Exercise. Apply equation 10.9.50 to the first and third observations to show that

$P_x = \frac{ξ_1 r_3 \sin v_3 - ξ_3 r_1 \sin v_1}{r_1 r_3 \sin 2 f_2} \label{13.15.7} \tag{13.15.7}$

and $Q_x = \frac{ξ_3 r_1 \cos v - ξ_1 r_3 \cos v_3}{r_1 r_2 \sin 2 f_2} \label{13.15.8} \tag{13.15.8}$

From equations 10.9.51 and 52, find similar equations for $$P_y$$ , $$Q_y$$ , $$P_z$$ , $$Q_z$$ .

The numerical work can and should be checked by calculating these direction cosines also from the first and second, and from the second and third, observations.
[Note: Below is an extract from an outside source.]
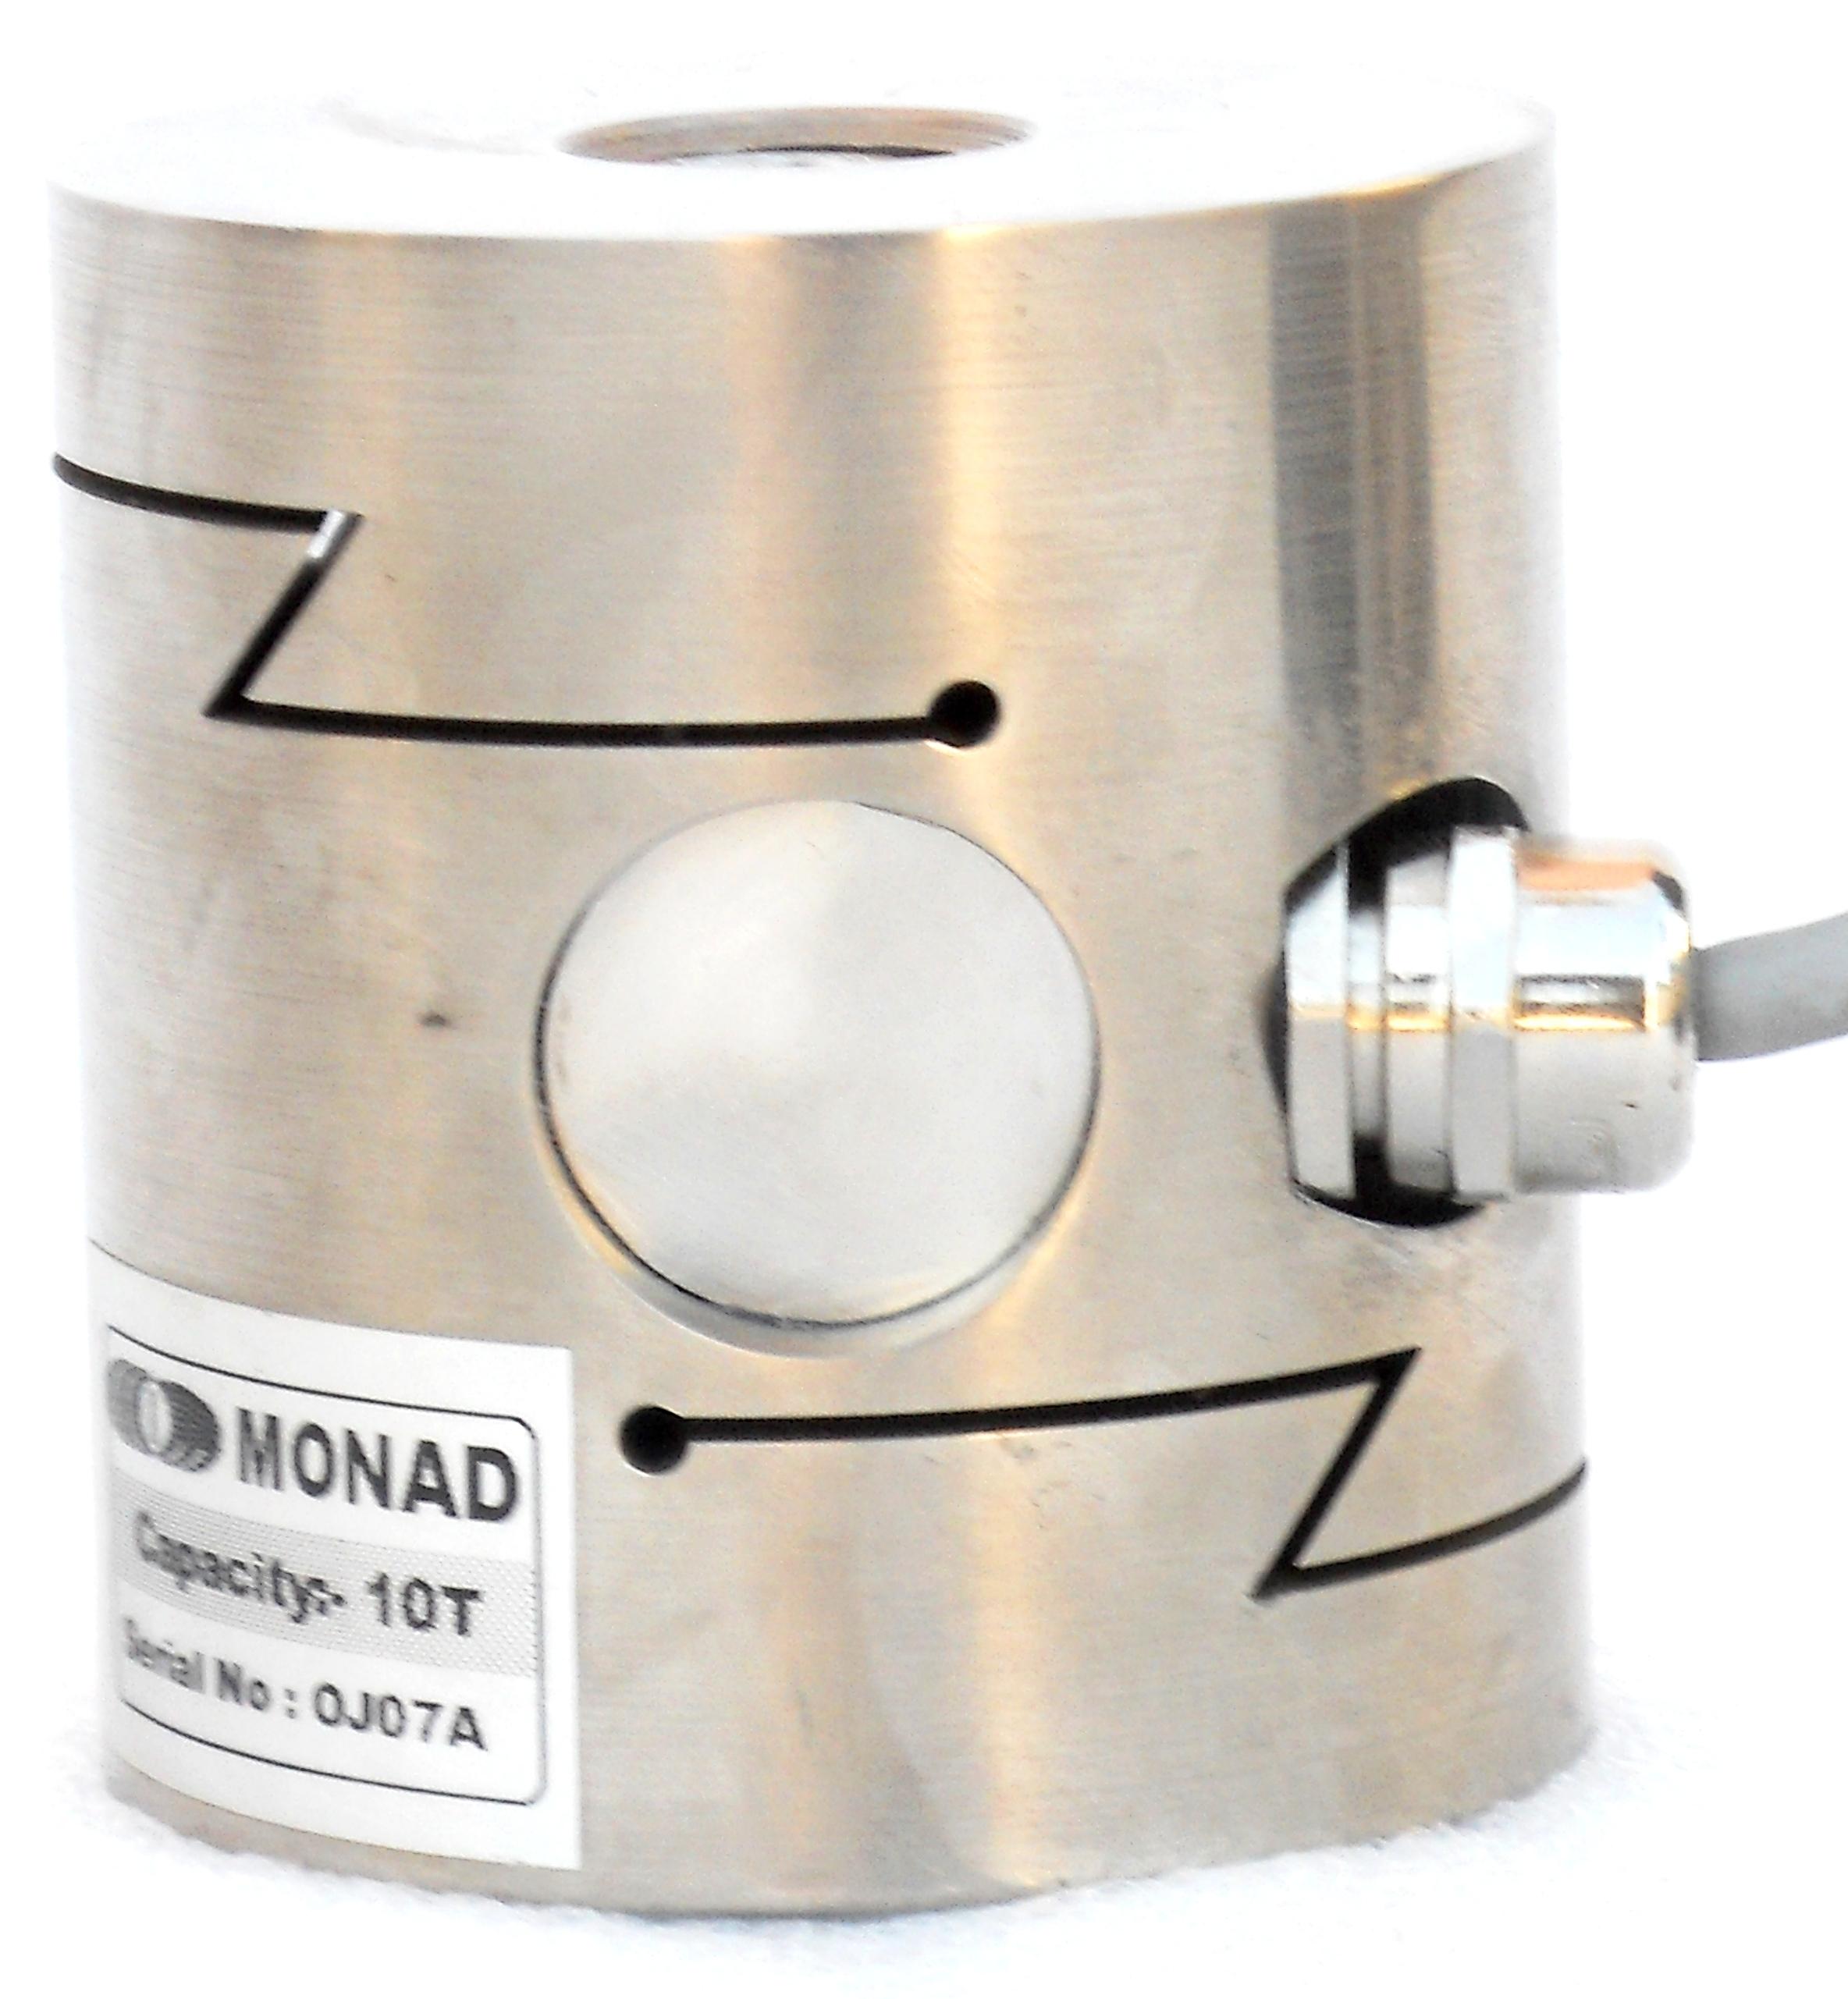 Load Sensor/ Force Sensor/ Weight Sensor
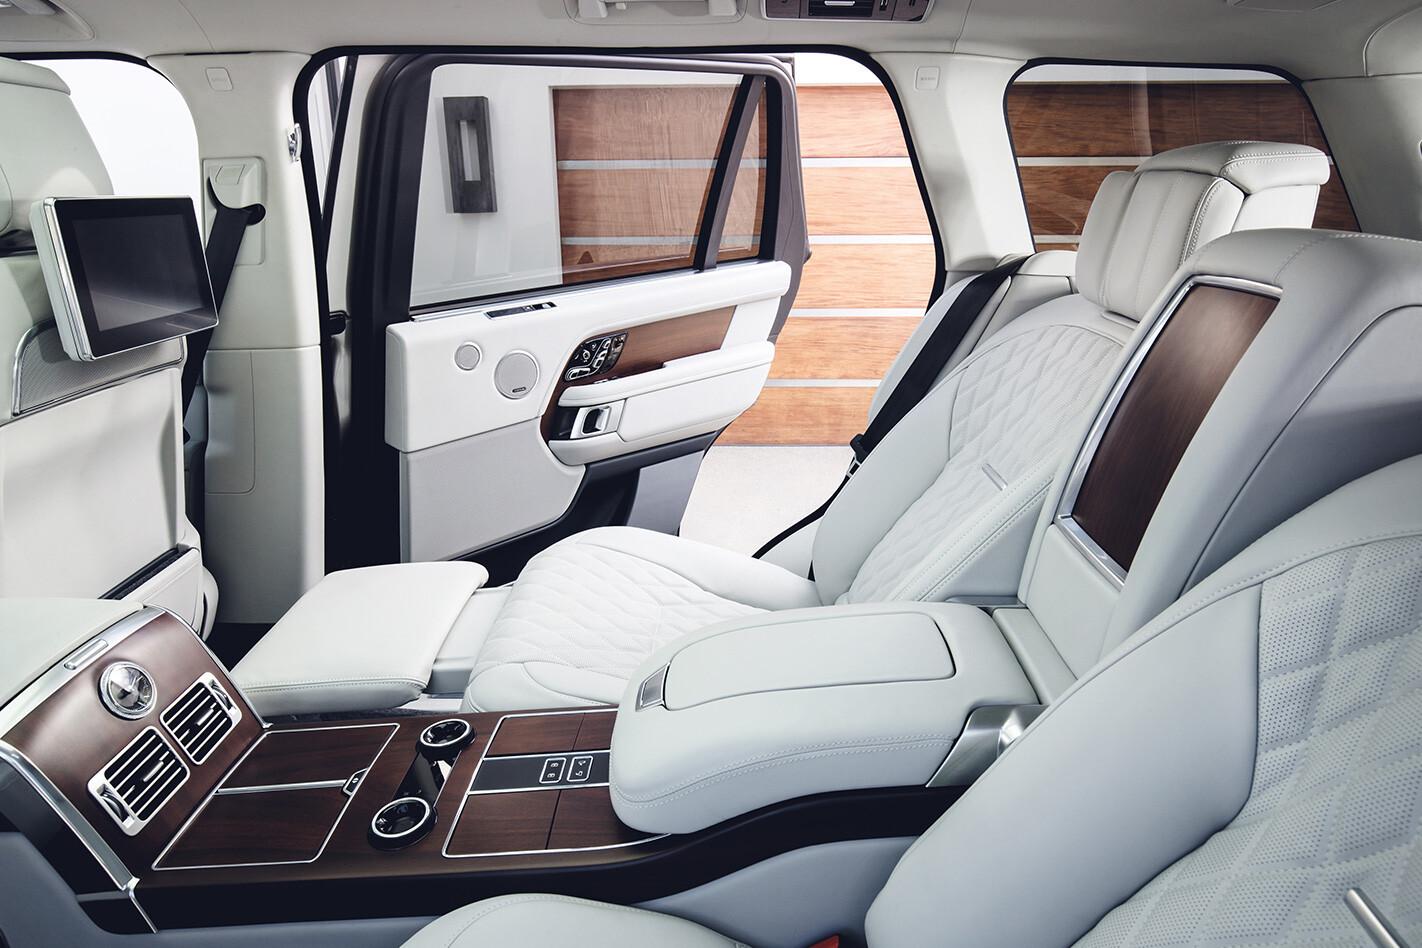 2018-Range-Rover-SV-Autobiography-rear-seats.jpg

Check also that $$P_x^2 + P_y^2 + P_z^2 = Q_x^2 + Q_y^2 + Q_z^2 = 1$$. I get

$$P_x = -0.48044 \quad P_y = +0.86568 \quad P_z = -0.14059$$

$$Q_x = -0.87392 \quad Q_y = -0.45907 \quad Q_z = +0.15978$$

(Remember that my computer is carrying all significant figures to double precision, though I print out here only a limited number of significant figures. You will not get exactly my numbers unless you, too, carry all significant figures and do not prematurely round off.)

The direction cosines are related to the Eulerian angles, of course, by equations 10.9.41- 46 (how could you possibly forget?!). All (!) you have to do, then, is to solve these six equations for the Eulerian angles. (You need six equations to remove quadrant ambiguity from the angles. Remember the $$\text{ATAN2}$$ function on your computer – it’s an enormous help with quadrants.)

Exercise. Show that (or verify at any rate) that:

$\sin ω \sin i = P_z \cos ε - P_y \sin ε \label{13.15.9} \tag{13.15.9}$

and $\cos ω \sin i = Q_z \cos ε - Q_y \sin ε. \label{13.15.10} \tag{13.15.10}$

You can now solve this for the argument of perihelion $$ω$$. Don’t yet try to solve it for the inclination. (Why not?!) Using $$ε = 23^\circ .438 \ 960$$ for the obliquity of the ecliptic of date (calculated from page $$\text{B18}$$ of the 2002 Astronomical Almanac), I get

$$\underline{ω = 304^\circ .81849}$$

Exercise. Show that (or verify at any rate) that:

$\sin Ω = (P_y \cos ω - Q_y \sin ω ) \sec ε \label{13.15.11} \tag{13.15.11}$

and $\cos Ω = P_x \cos ω - Q_x \sin ω. \label{13.15.12} \tag{13.15.12}$

From these, I find:

$$\underline{Ω = 172^\circ .64776}$$

One more to go!

Exercise. Show that (or verify at any rate) that:

$\cos i = -(P_x \sin ω + Q_x \cos ω) \csc Ω . \label{13.15.13} \tag{13.15.13}$

You can now solve this with equation \ref{13.15.9} or \ref{13.15.10} (or both, as a check on the arithmetic) for the inclination. I get

$$\underline{i = 35^\circ .20872}$$

Here they are, all together:

\begin{array}{c c}
a = 2.77602 \text{ AU} & i = 35^\circ .20872 \\
e = 0.23875 & Ω = 172^\circ .64776 \\
T = t_1 + 756^\text{d} .1319 & ω = 304^\circ .81849 \\
\end{array}

Have we made any mistakes? Well, presumably after you read chapter 10 you wrote a program to generate an ephemeris. So now, use these elements to see whether they will reproduce the original observations! Incidentally, to construct an ephemeris, there is no need actually to use the elements – you can use the $$P$$s and $$Q$$s instead.